The Relationship Between Time Spent Communicating and Communication Outcomes on a Hospital Medicine Service.
J Gen Intern Med. 2011 Sep 16;
Authors: Rothberg MB, Steele JR, Wheeler J, Arora A, Priya A, Lindenauer PK
BACKGROUND: Quality care depends on effective communication between caregivers, but it is unknown whether time spent communicating is associated with communication outcomes. OBJECTIVE: To assess the association between time spent communicating, agreement on plan of care, and patient satisfaction. DESIGN: Time-motion study with cross-sectional survey. SETTING: Academic medical center. PARTICIPANTS: Physicians, patients, and nurses on a hospital medicine service.
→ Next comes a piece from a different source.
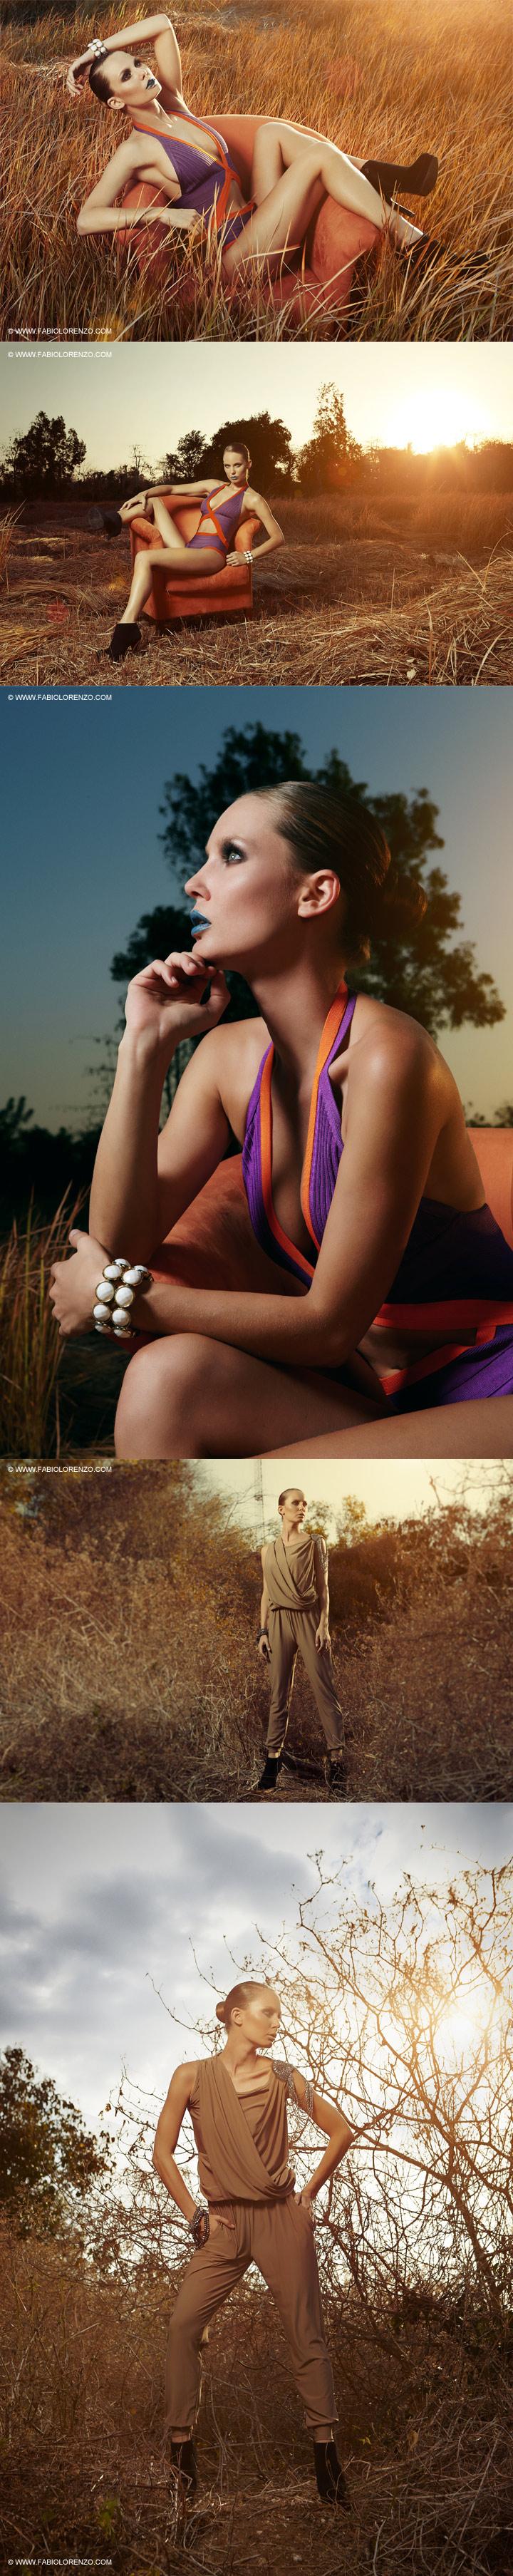 Male model photo shoot of Fabio Lorenzo Supit in Bali

MEASUREMENTS: Hospitalists' forms of communication were timed with a stopwatch. Physician-nurse agreement on the plan of care and patient satisfaction with physician communication were assessed via survey. RESULTS: Eighteen hospitalists were observed caring for 379 patients. On average, physicians spent more time per patient on written than verbal communication (median: 9.2 min. vs. 6.3 min, p?<?0.001). Verbal communication was greatest with patients (mean time 5.3 min, range 0-37 min), then other physicians (1.4 min), families (1.1 min), nurses (1.1 min), and case managers (0.4 min). There was no verbal communication with nurses in 30% of cases. Nurses and physicians agreed most about planned procedures (87%), principal diagnosis (74%), tests ordered (73%), anticipated discharge date (69%) and least regarding medication changes (59%). There was no association between time spent communicating and agreement on plan of care. Among 123 patients who completed surveys (response rate 32%), time physicians spent talking to patients was not correlated with patients' satisfaction with physician communication (Pearson correlation coefficient = 0.09, p?=?0.30). CONCLUSIONS: Hospitalists vary in the amount of time they spend communicating, but we found no association between time spent and either patient satisfaction or nurse-physician agreement on plan of care.